● Work to complete: Using the entries below, copy exactly each line from the line with "Dan Quayle: Why" up to and including the line with "Happy Birthday !!", with every picture left out.

*** Task material ***

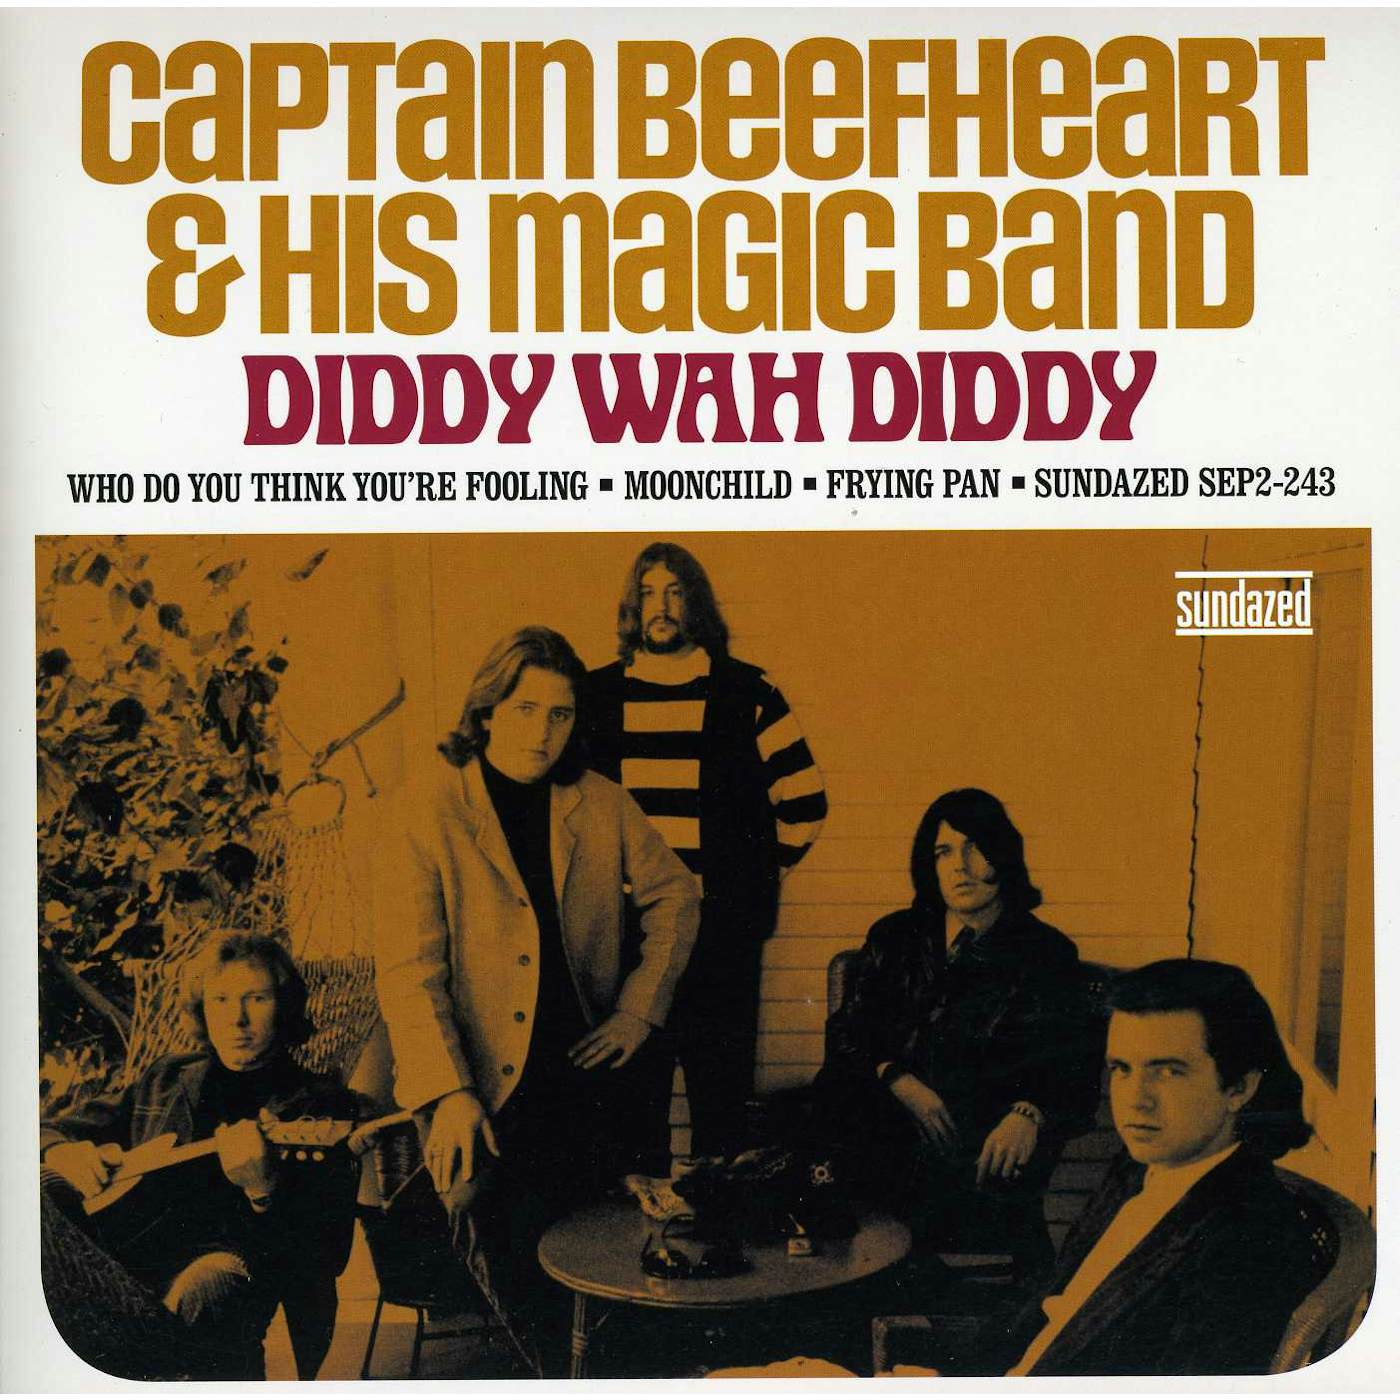 Captain Beefheart & His Magic Band DIDDY WAH DIDDY / WHO DO YOU THINK YOU ARE FOOLING Vinyl Record
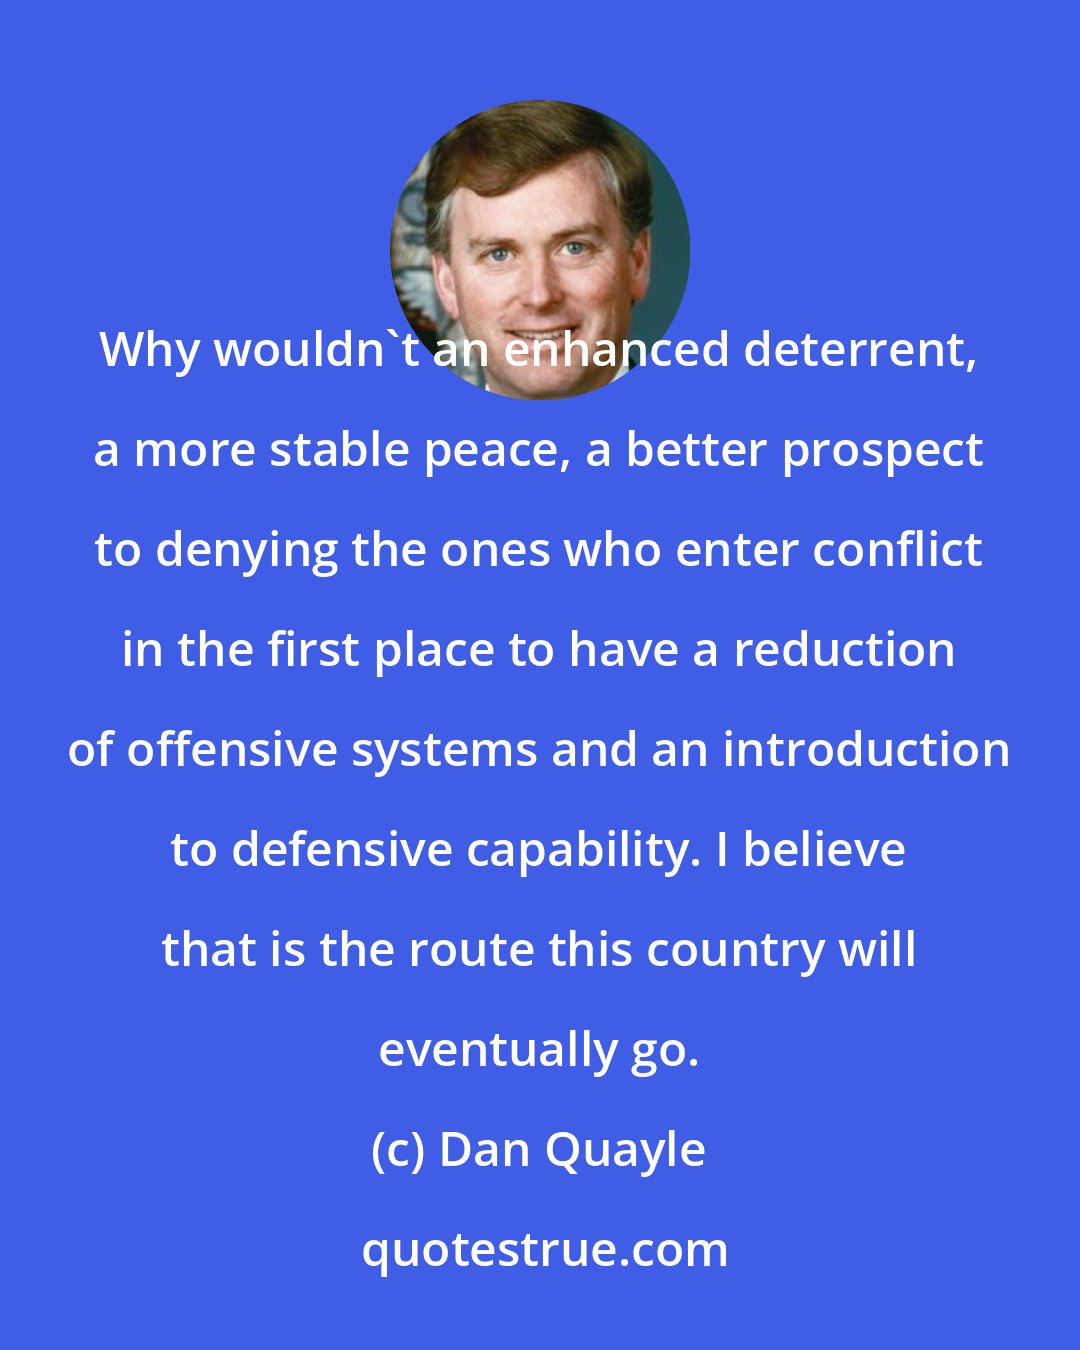 Dan Quayle: Why wouldn't an enhanced deterrent, a more stable peace, a better prospect to denying the ones who enter conflict in the first place to have a reduction of offensive systems and an introduction to defensive capability. I believe that is the route this country will eventually go.
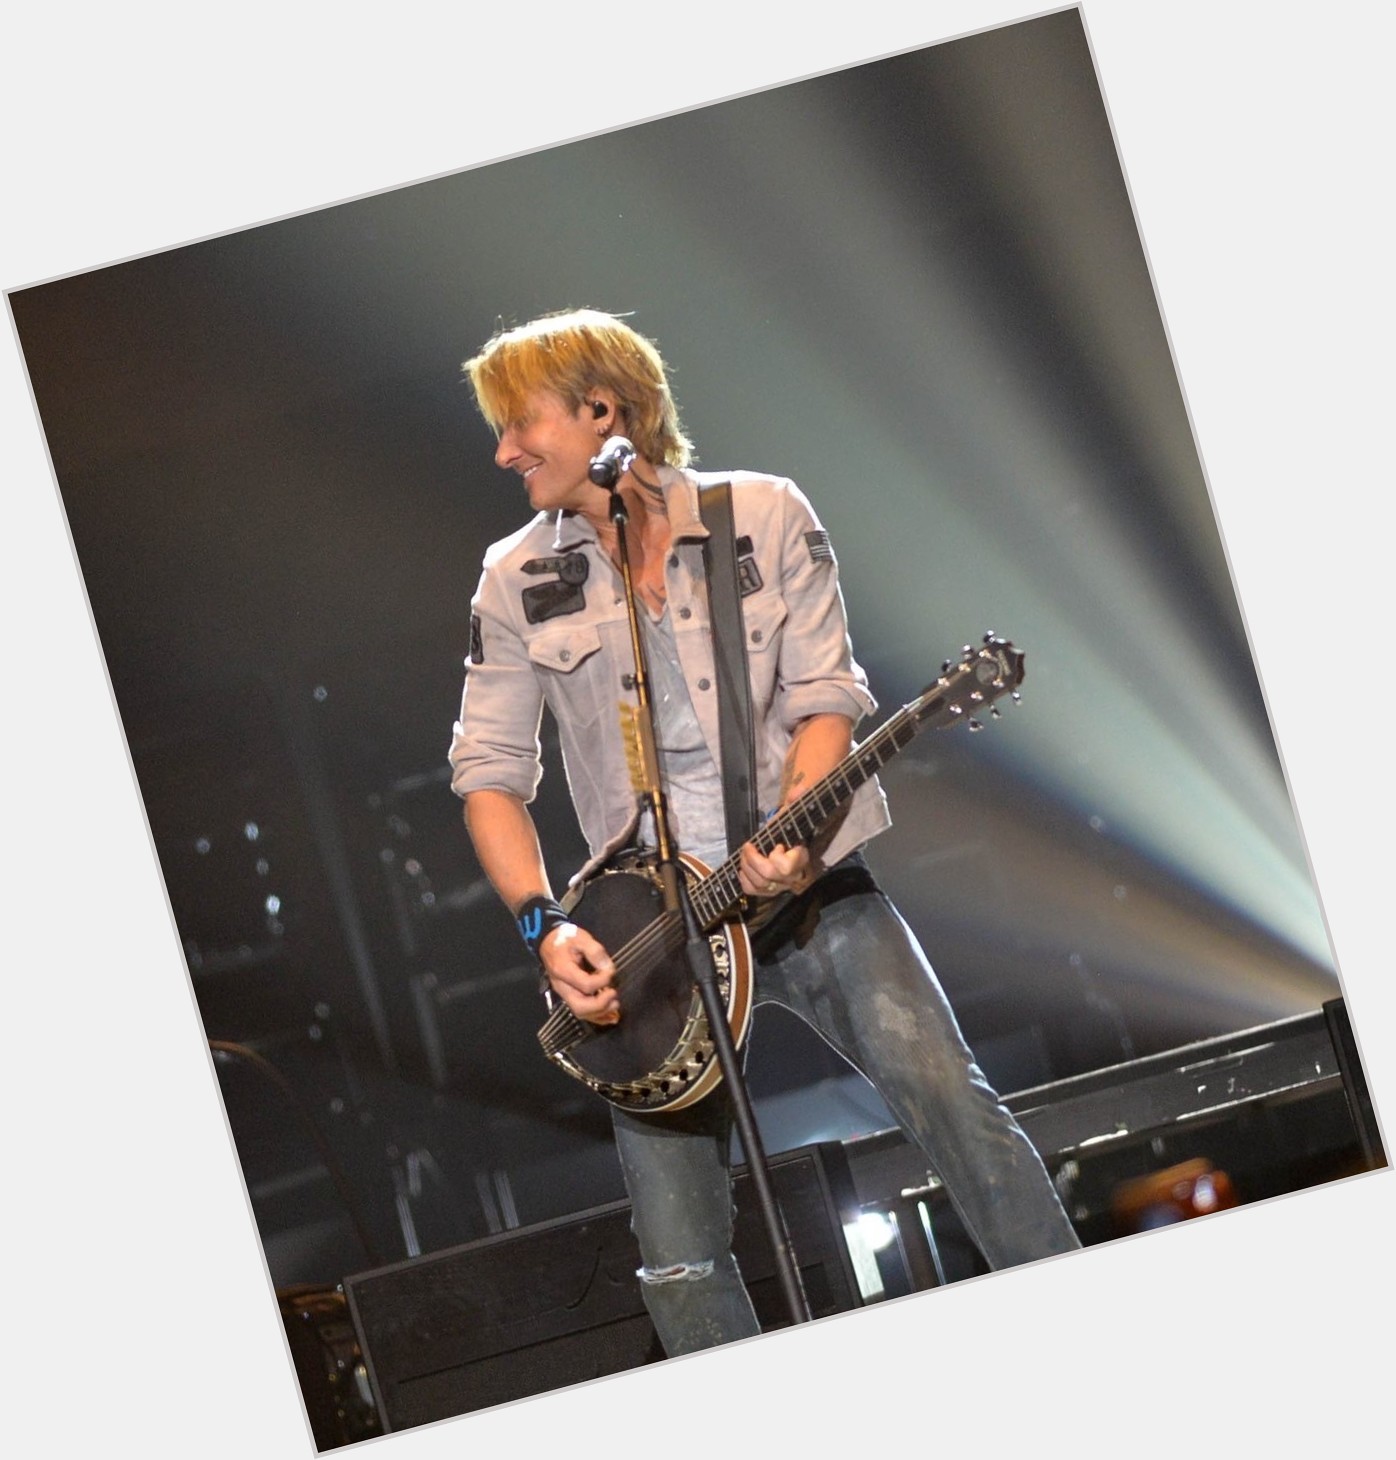 Happy Birthday !! What\s your favorite Keith Urban song? # 
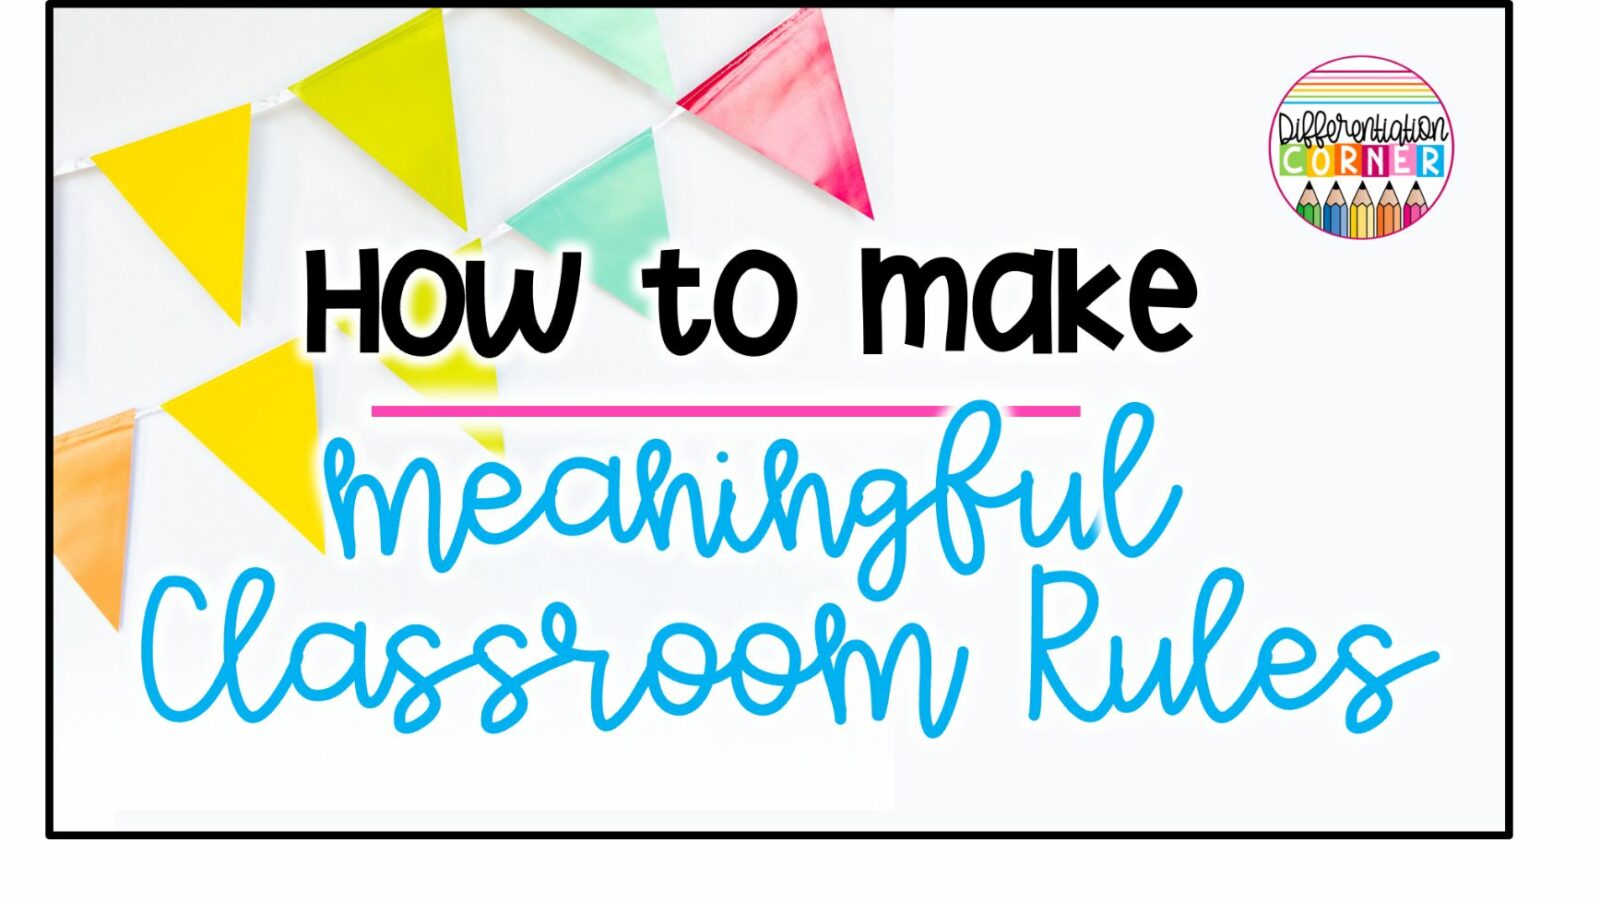 good classroom rules for elementary examples classroom rules for kids classroom rules posters
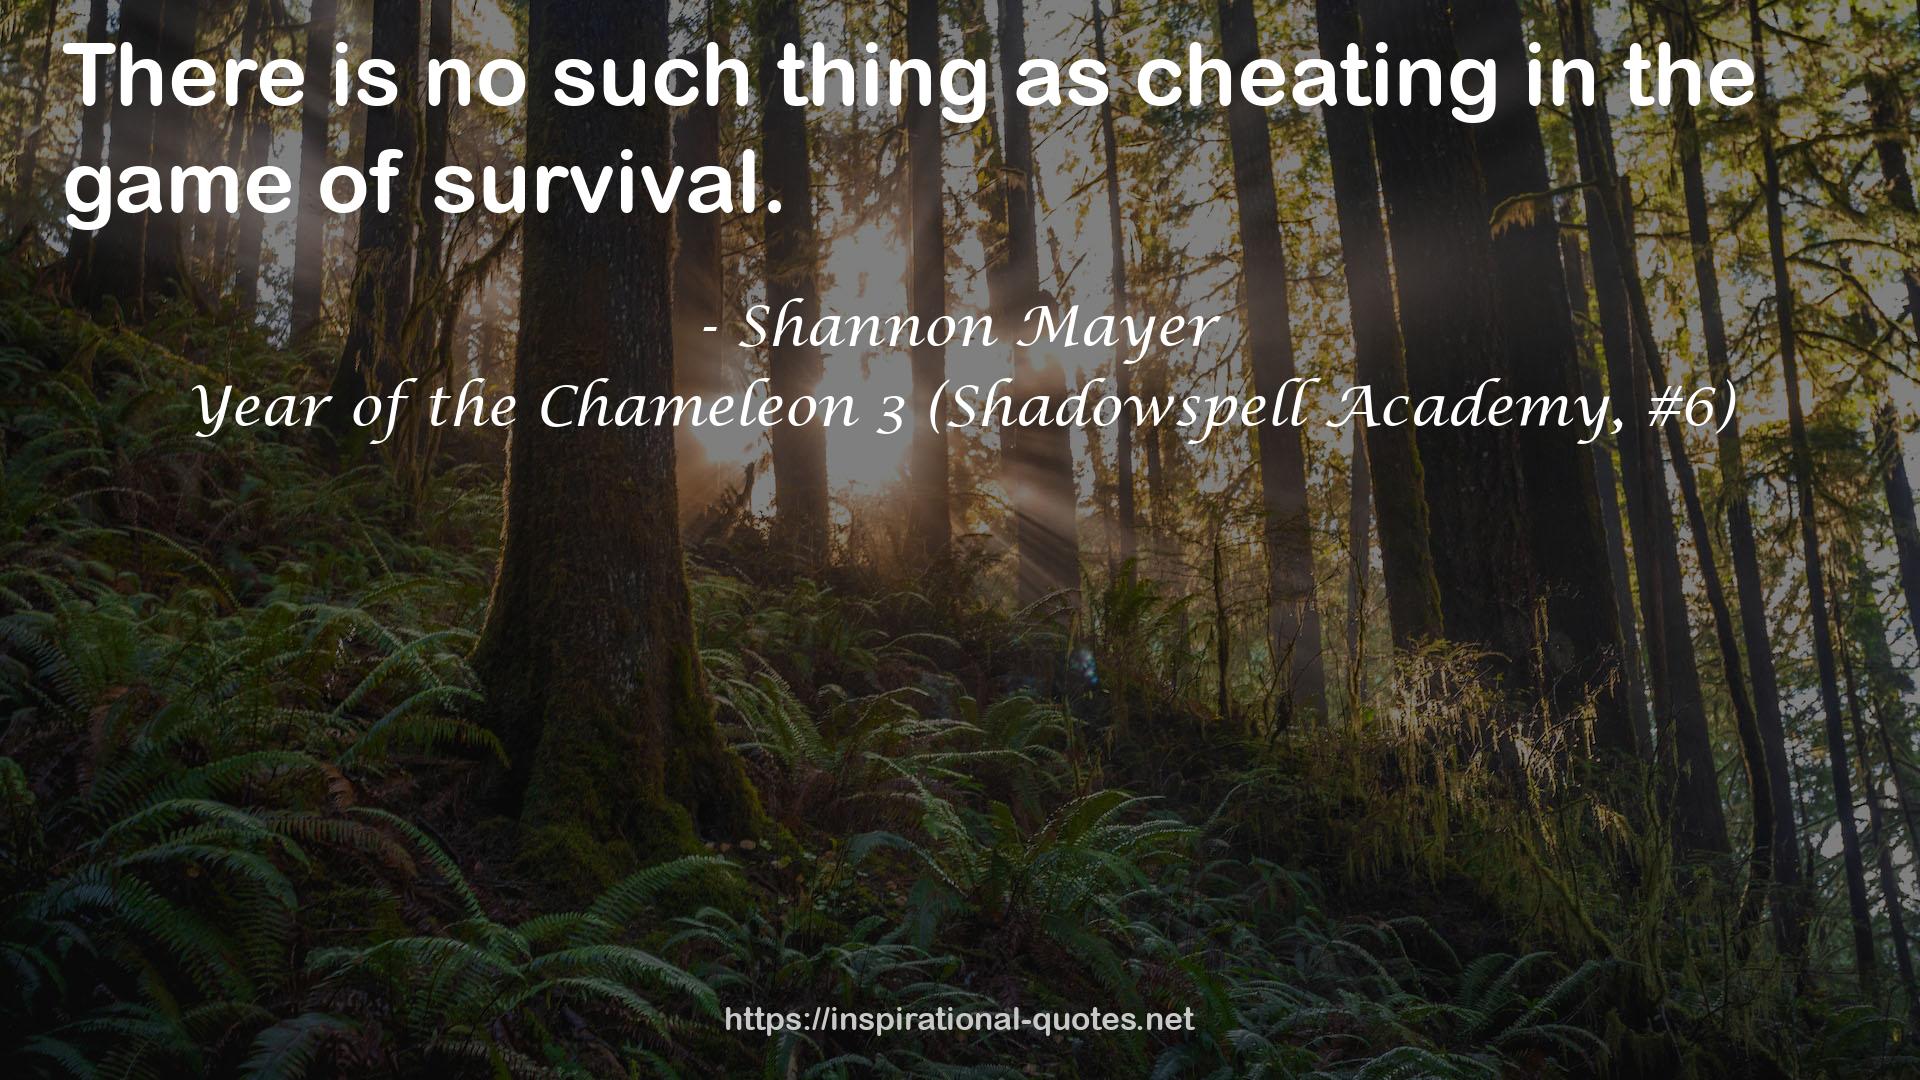 Year of the Chameleon 3 (Shadowspell Academy, #6) QUOTES

*** End of Task material ***

● Response for this exercise:
 Dan Quayle: Why wouldn't an enhanced deterrent, a more stable peace, a better prospect to denying the ones who enter conflict in the first place to have a reduction of offensive systems and an introduction to defensive capability. I believe that is the route this country will eventually go.
 Happy Birthday !! What\s your favorite Keith Urban song? # 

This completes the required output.